Went to the local Sunday markets and bought a small book titled CENTURY with many interesting photos from the 20th century. The captioning is lacking in quality but I'm willing to forgive them as the price tag was only $4.00. 

Titled "German aircraft dogfighting over Rotterdam with Dutch Fokker G-21s."
Fake?...





Italian Fiat "Human cannon" of 1922...





(More if you're interested)


----------



## GrauGeist (Mar 8, 2009)

Looks like there's some cool photos in there...

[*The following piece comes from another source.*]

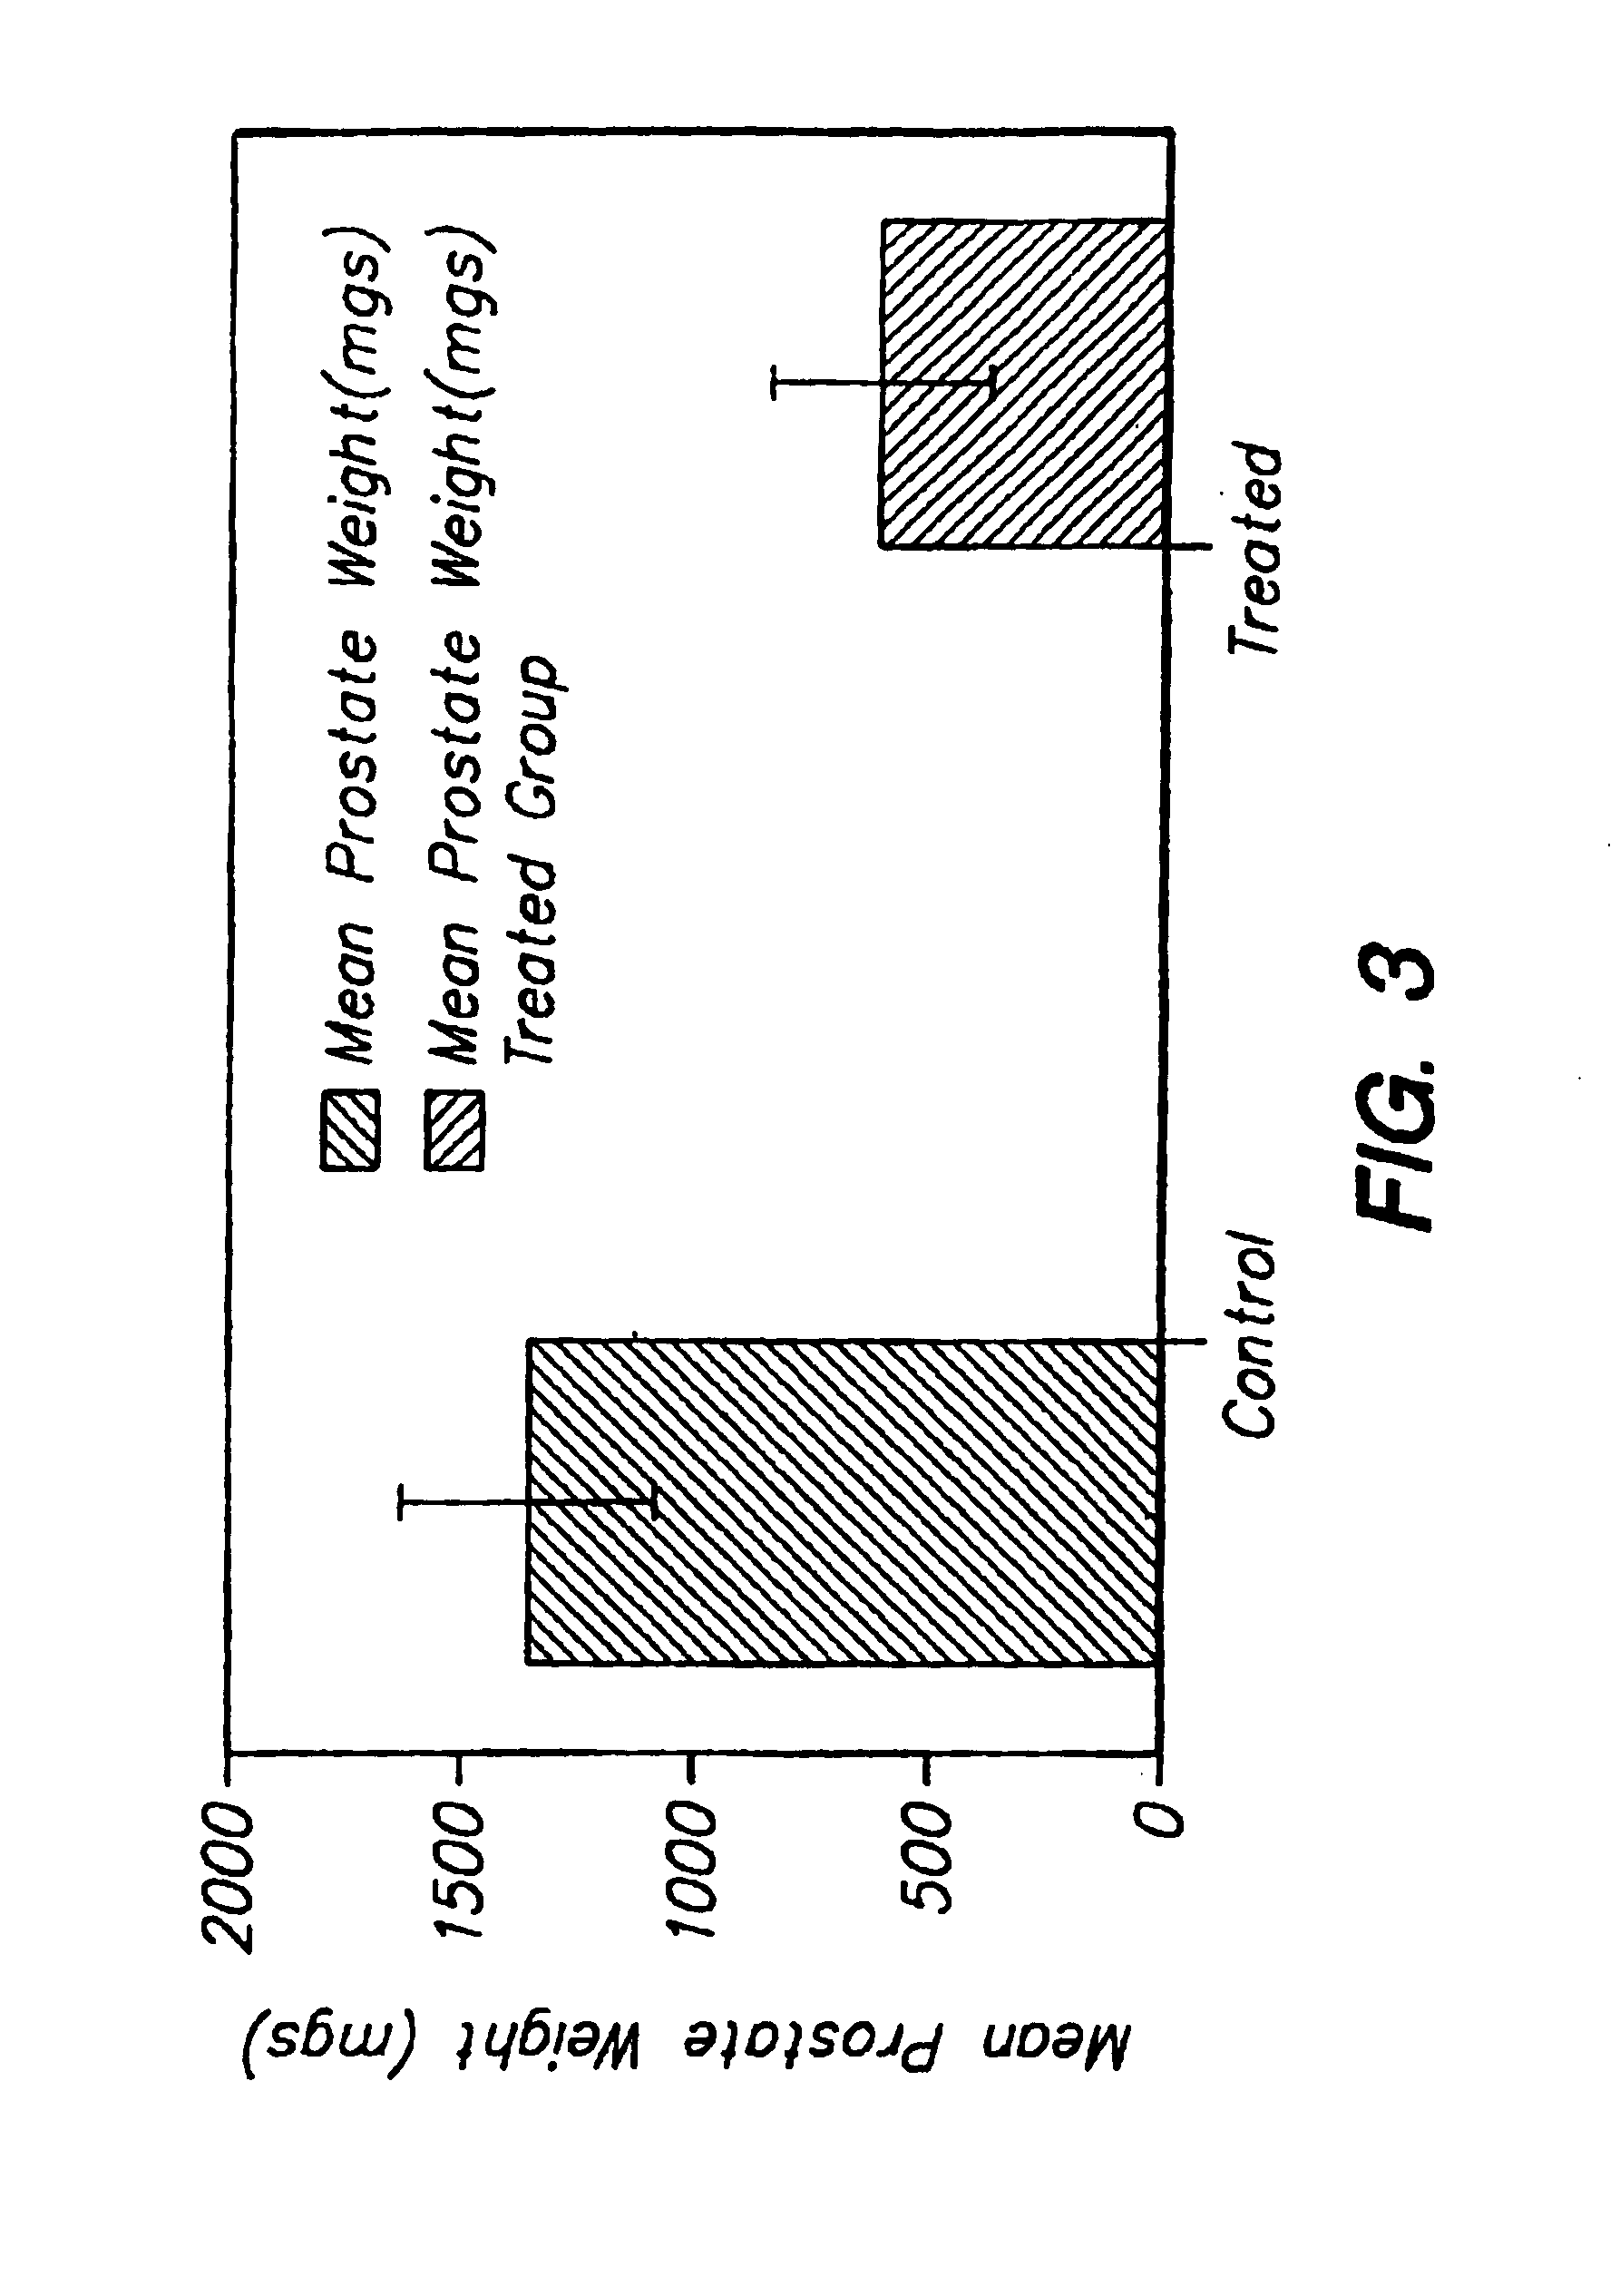 Method for increasing the serum half-life of a biologically active molecule

But I don't know about that "dogfight"...the aircraft are all lined up, and seem too close (bunched up)...


----------



## 109ROAMING (Mar 8, 2009)

Dogfight looks like a small series of photos

Cool pics!


----------



## Marcel (Mar 8, 2009)

G-21's? 
I've never heard of photo's of that particular dogfight. It looks like being faked. I don't think there was a D.XXI present at that time like the 2nd one form the right. If these are real images of that dogfight (even a combined one) it would be unique.


----------



## Lucky13 (Mar 8, 2009)

Like the famous "dogfight" photo from WWI? Keep 'em pics coming mate!


----------



## Graeme (Mar 8, 2009)

Marcel said:


> G-21's?



Oops! My captioning is just as bad! Sorry Marcel I should've typed *G1* (it's getting late here. ) It still looks fake. 
_
"Near Berlin and surrounded by Russians, an SS man evaded capture by pulling the pin from a grenade in his belt, causing more to explode"_...





_"Clara Petacci"_...





_"Margaret Bourke-White photographed this mother who had murdered her children and who afterwards killed herself. Her Nazi husband was already dead"_...


----------



## sturmer (Mar 8, 2009)

intresting pics


----------